REPUBLIKA.CO.ID, BEIJING -- Indonesia sudah diumumkan resmi menjadi anggota kelompok BRICS. China pun menyambut baik sekaligus menantikan kontribusi aktif Indonesia.

Baca Juga


"Masuknya Indonesia secara resmi ke dalam BRICS merupakan kepentingan bersama negara-negara BRICS dan negara-negara belahan bumi selatan (global-south) dan kami yakin bahwa Indonesia akan memberikan kontribusi aktif bagi perkembangan BRICS," kata Juru Bicara Kementerian Luar Negeri China Guo Jiakun dalam konferensi pers di Beijing pada Selasa (7/1/2025).

Pada Senin (6/1/2025), Brasil sebagai pemegang presidensi BRICS pada 2025 mengumumkan bahwa Indonesia telah resmi menjadi anggota organisasi internasional tersebut.

"Indonesia, sebagai negara berkembang utama dan kekuatan penting di belahan bumi selatan, sangat menghargai semangat BRICS dan telah mengambil bagian aktif dalam kerja sama 'BRICS Plus'," tambah Guo Jiakun.

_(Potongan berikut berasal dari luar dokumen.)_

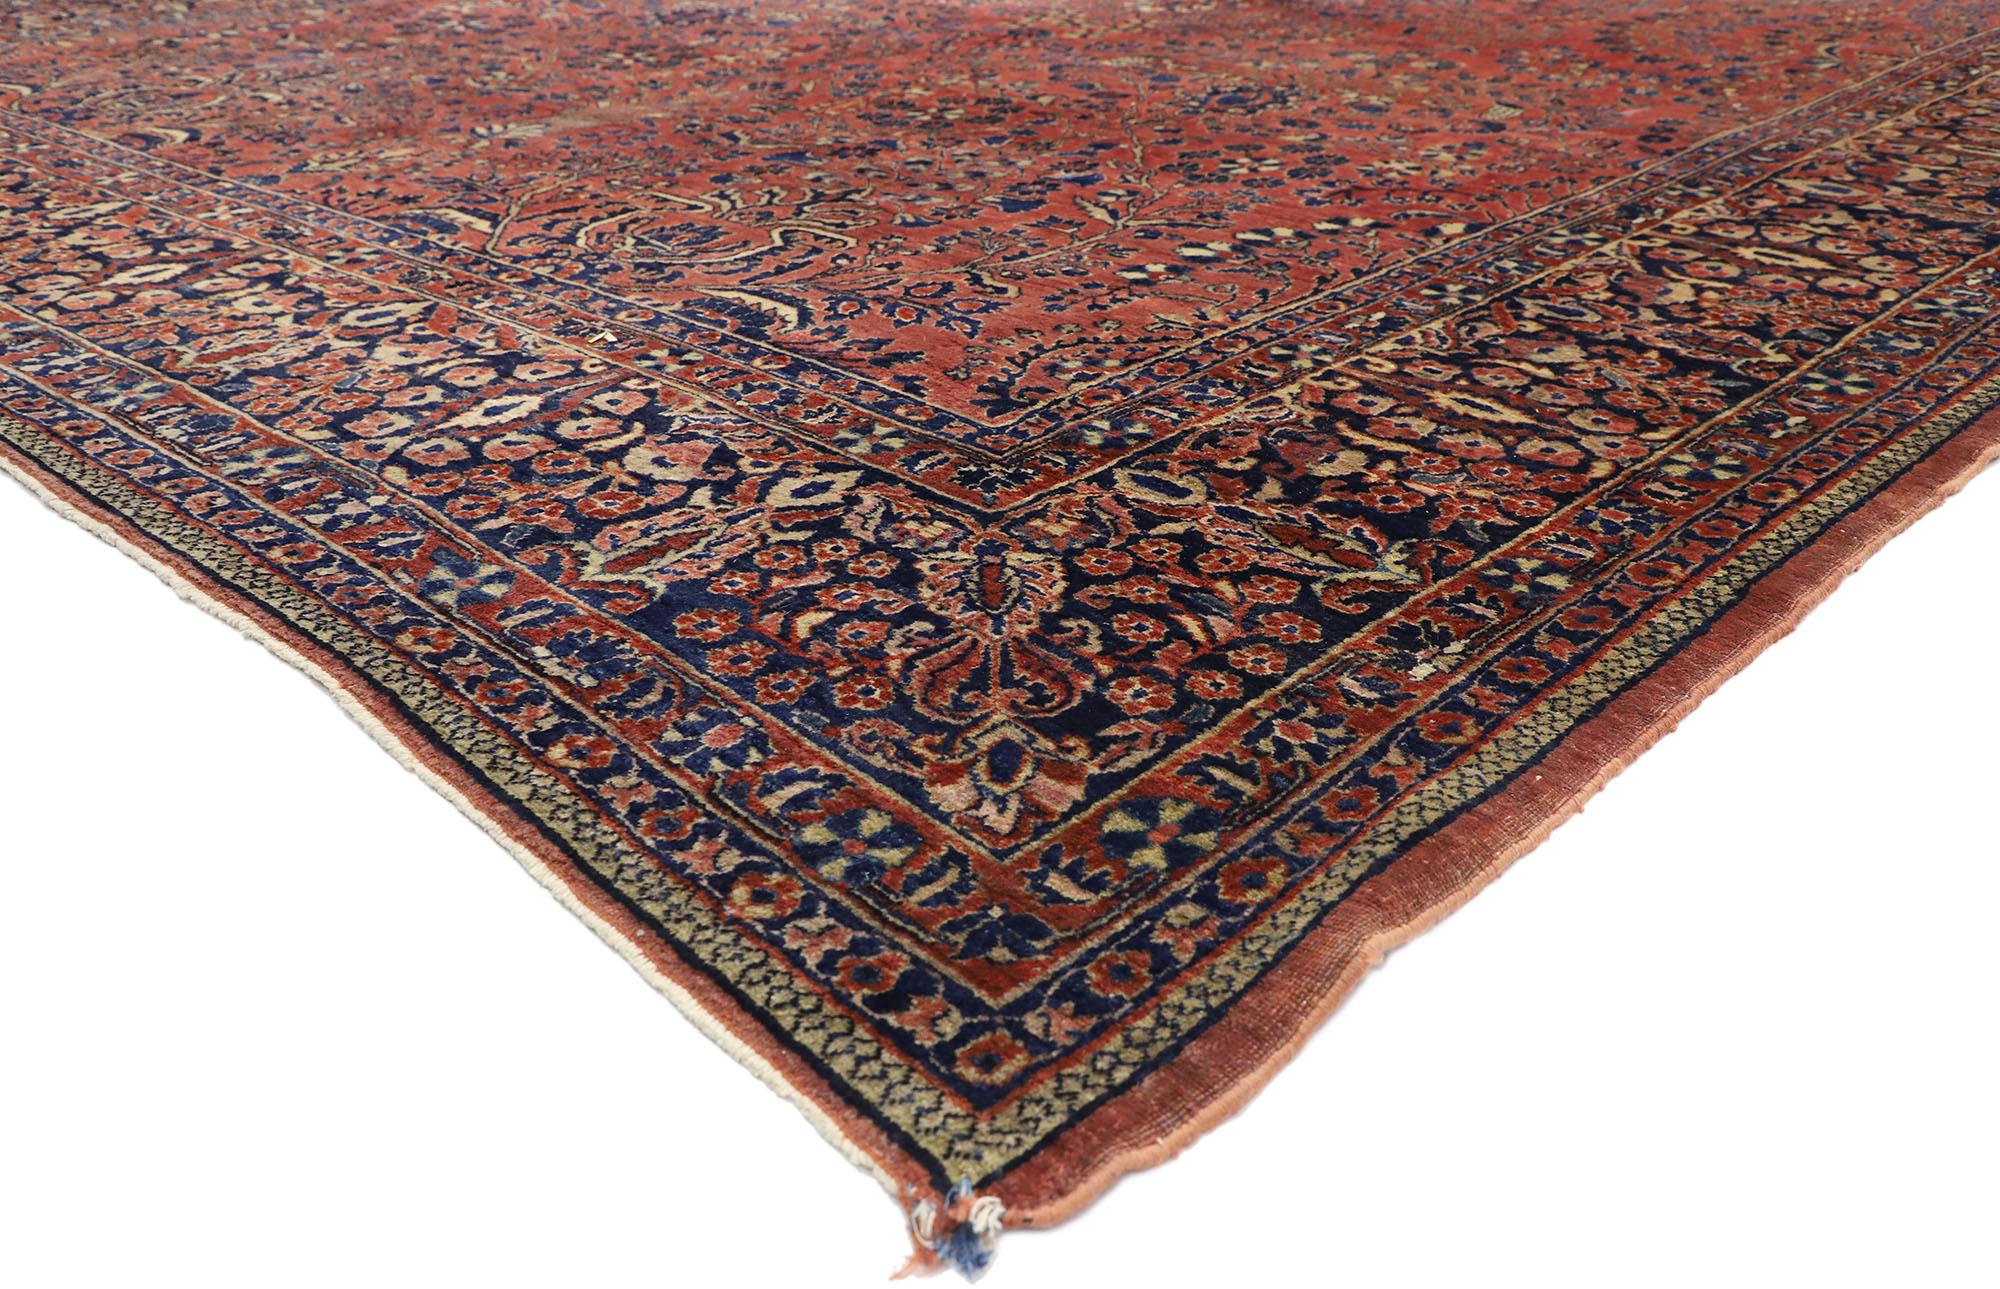 77381 Tapis sarouk persan ancien surdimensionné, 10'07 x 23'02. Les tapis sarouk persans surdimensionnés sont des tapis tissés à la main à grande échelle, originaires de la région de Sarouk en Iran. Ces tapis se caractérisent par leurs grandes

China, ungkap Guo Jiakun, siap bekerja sama dengan Indonesia dan anggota BRICS lain untuk bersama-sama membangun kemitraan yang lebih komprehensif, erat, praktis, dan inklusif.

"Bersama-sama kita memajukan pengembangan kerja sama BRICS yang lebih baik dan berkualitas tinggi, serta memberikan kontribusi yang lebih besar untuk membangun komunitas dengan masa depan bersama bagi umat manusia," ungkap Guo Jiakun.

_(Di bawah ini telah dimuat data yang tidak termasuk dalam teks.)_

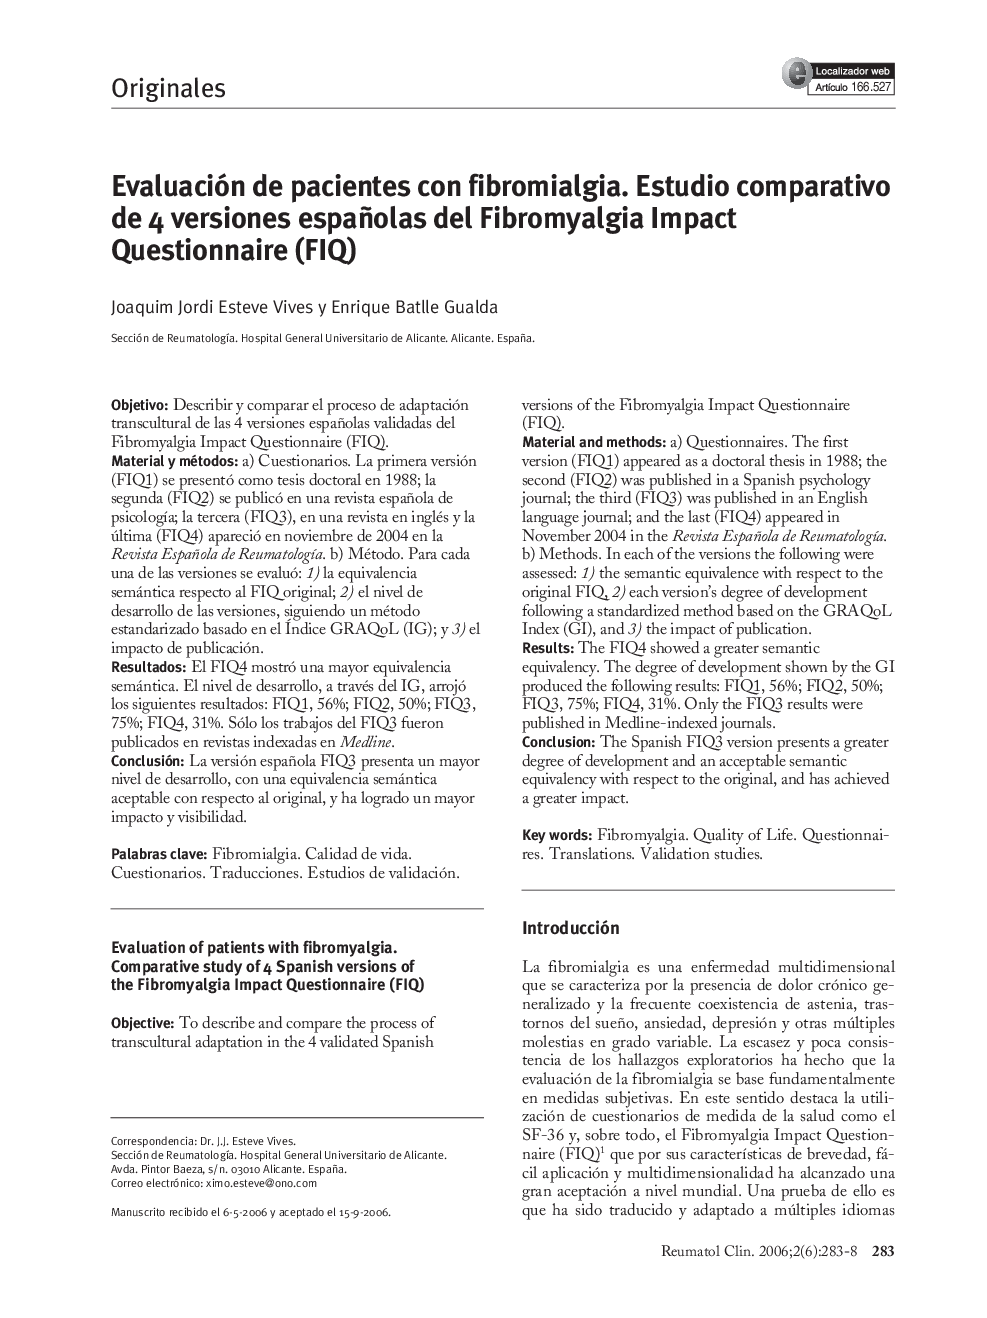 Evaluación de pacientes con fibromialgia. Estudio comparativo de 4 versiones españolas del Fibromyalgia Impact Questionnaire (FIQ)

Mekanisme kerja sama BRICS, kata Guo Jiakun, muncul di tengah kebangkitan kolektif negara-negara berkembang.

"Mekanisme ini juga merupakan apa yang ingin dilihat dunia demi perdamaian, pembangunan bersama dan tata kelola global yang lebih baik. Hampir dua dekade sejak pembentukannya, BRICS kini mencakup hampir setengah dari populasi global, lebih dari sepertiga ekonomi global dan lebih dari setengah pertumbuhan ekonomi dunia," tambah Guo Jiakun.

Guo Jiakun menyebut keterwakilan, daya tarik dan pengaruh BRICS telah meningkat.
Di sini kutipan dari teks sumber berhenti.